Activists have also raised concerns over the hasty manner in which the ECs were issued at the state government level, by classifying data centres as construction projects which allows it to bypass public hearings and a rigorous environmental impact assessment conducted by the Union government. The data centre sites’ proximity to the Kambalakonda wildlife sanctuary warrants reclassification of the project and more scrutiny, they have demanded.
Opposition to the Vizag data centre projects has been growing on social media, as reports from the United States and other parts of the world show groundwater contamination and other forms of environmental damage that make life difficult for residents in surrounding areas.
Lokesh also said that it was important for youngsters opposed to data centres to have a “voice at the table” because it affects their future. He said that Visakhapatnam MP Bharat was having conversations with such youngsters to understand their fears and work on “zoning or anything that needs to be further fine tuned.”

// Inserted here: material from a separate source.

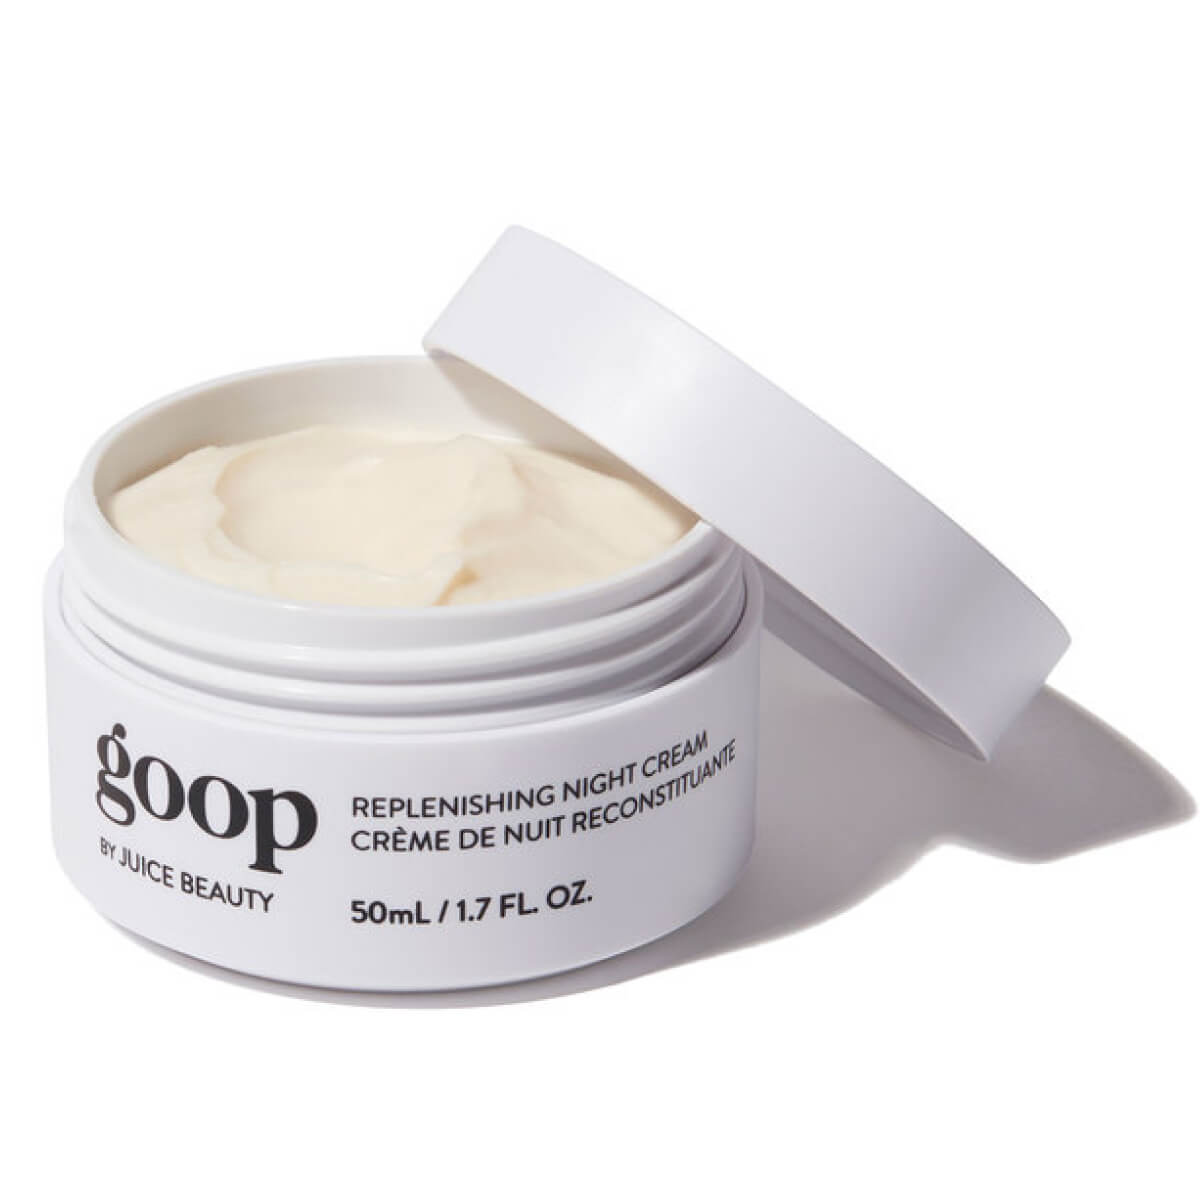 goop by Juice Beauty Replenishing Night Cream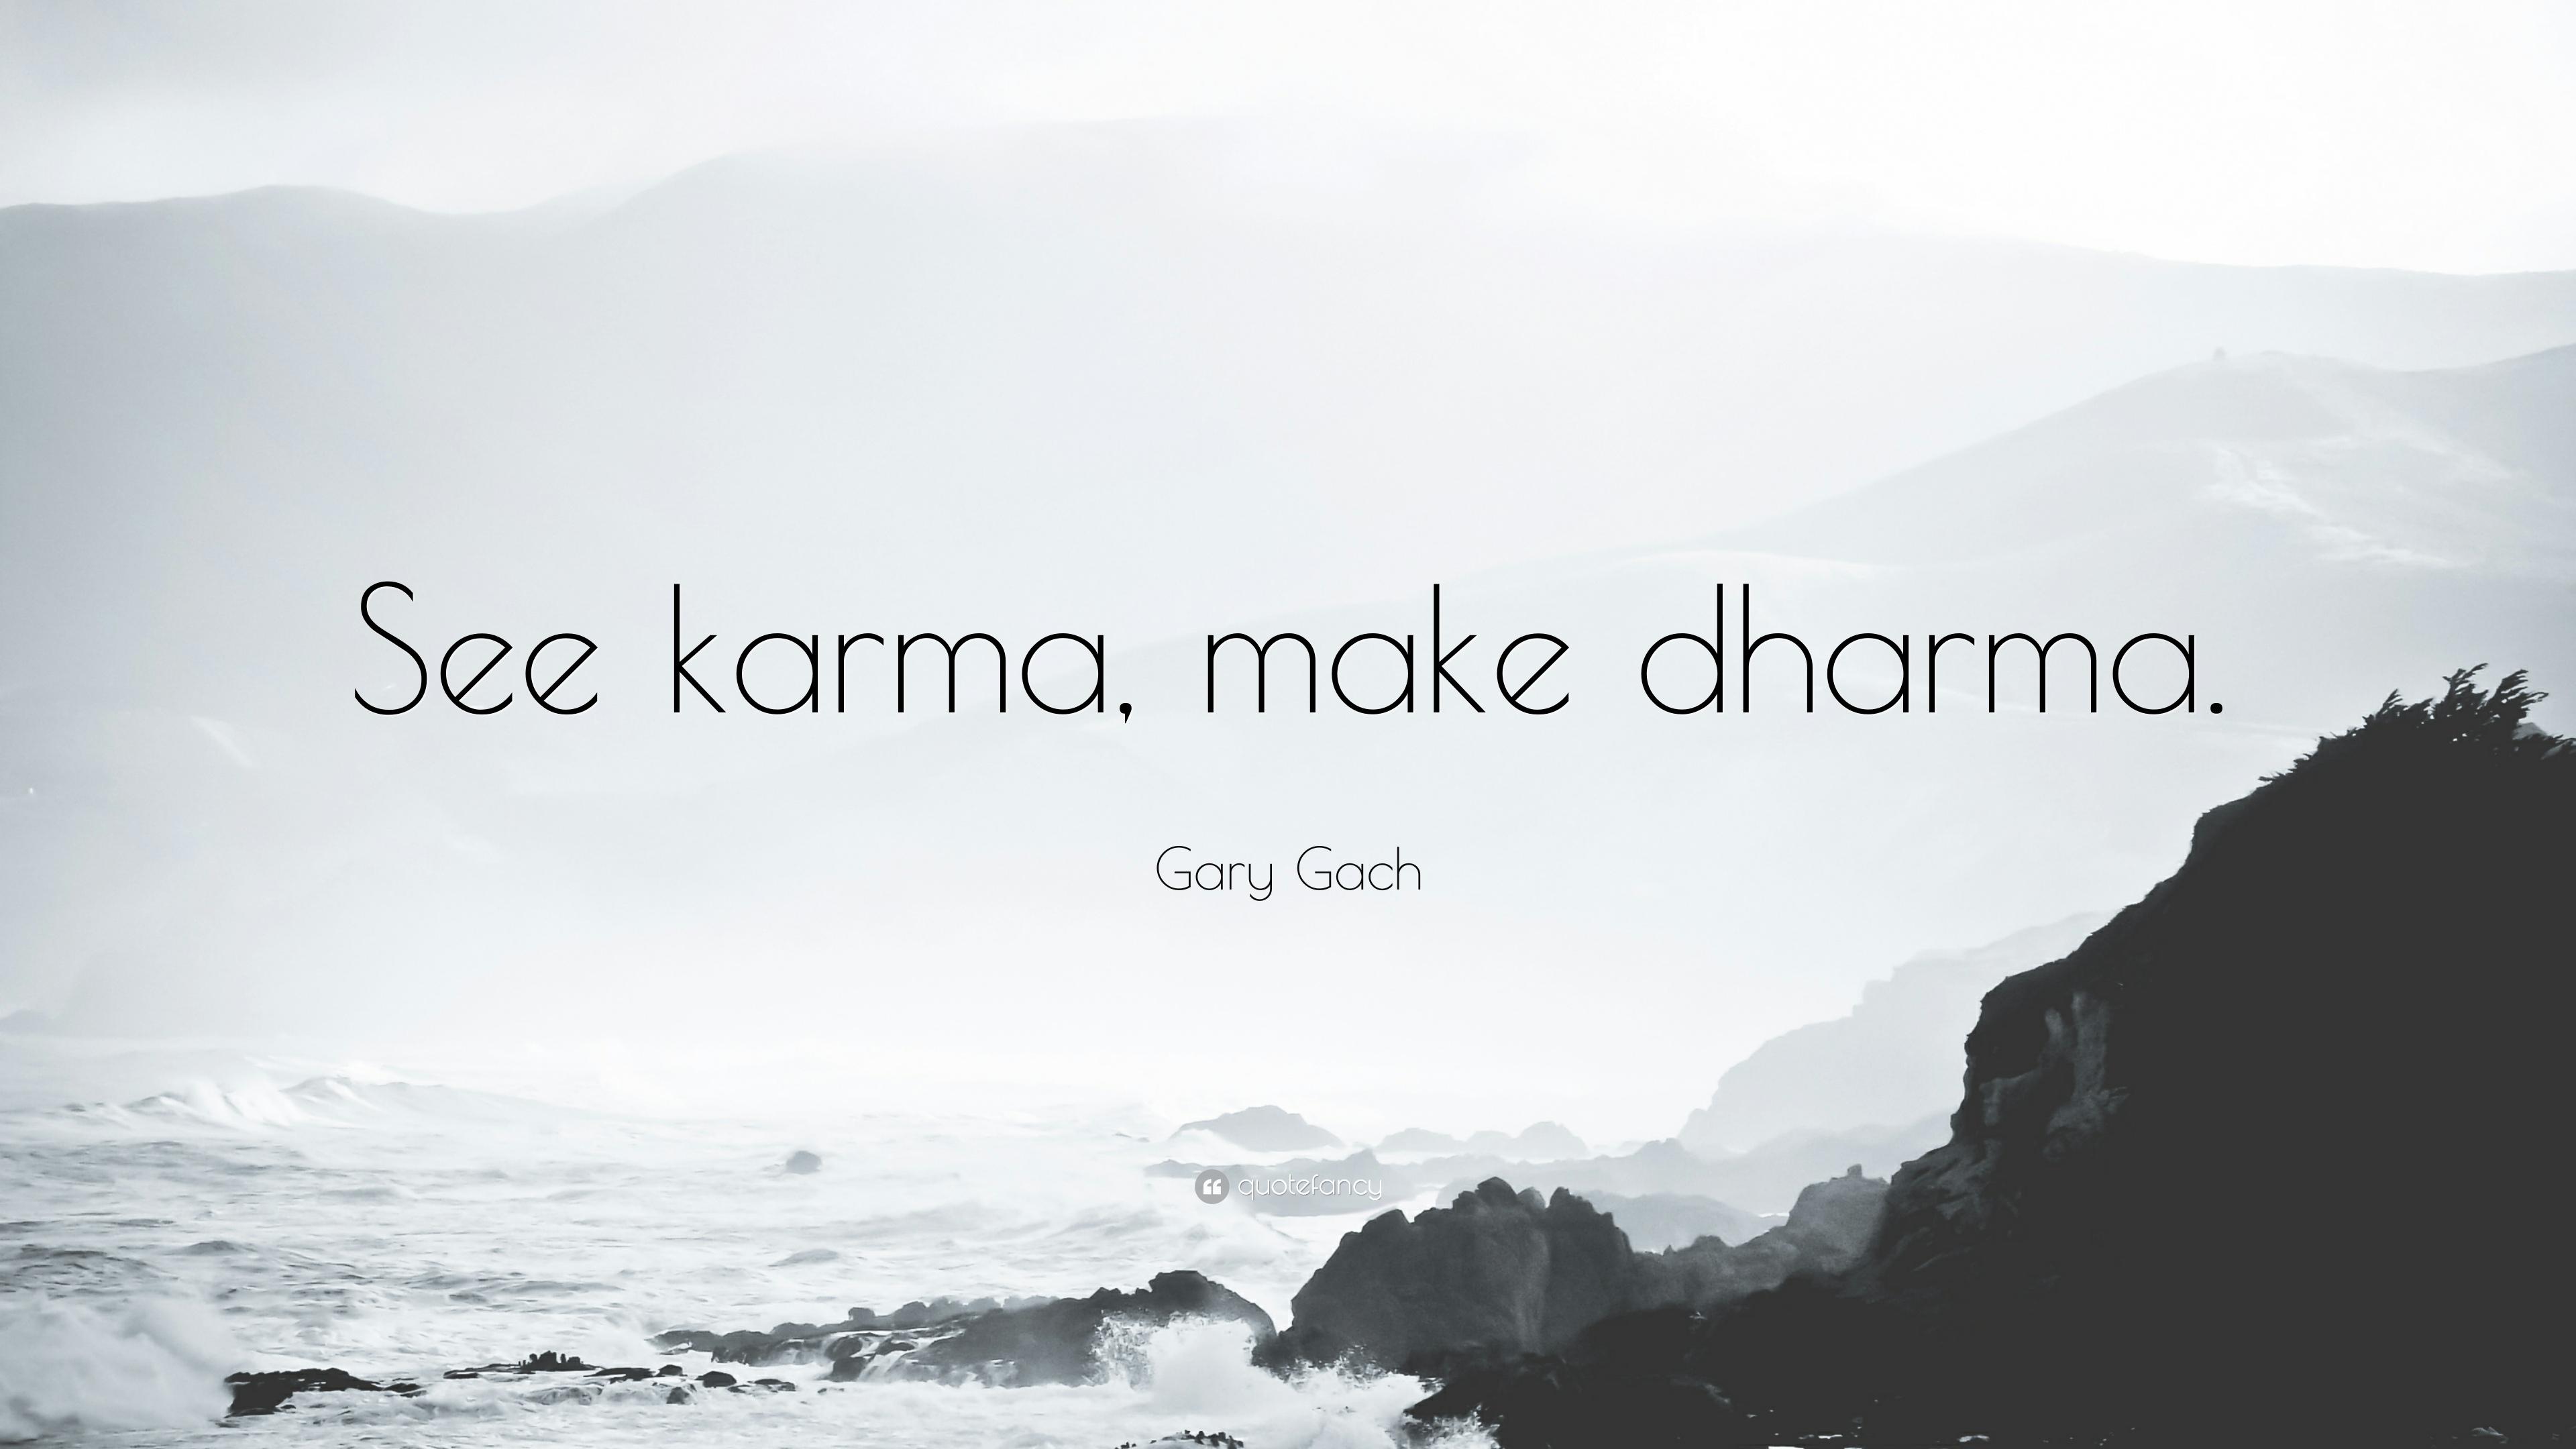 Gary Gach Quote: “See karma, make dharma.” (12 wallpaper)

However, in the past two weeks, viral social media posts criticising the data centre projects have faced censorship. Instagram had restricted a story by the Environmental Reporting Collective (ERC)—an international network of journalists—which spoke about the alleged forced displacement of Dalits to accommodate the data centre project.
More recently, Instagram restricted two posts by the civil rights organisation Human Rights Forum (HRF) alleging large-scale hill cutting and deforestation for the data centres “with little transparency, zero public consultation and serious unanswered environmental questions.”
HRF said the Andhra Pradesh police had written to X Corp asking to take down HRF’s posts claiming that they violated Indian law.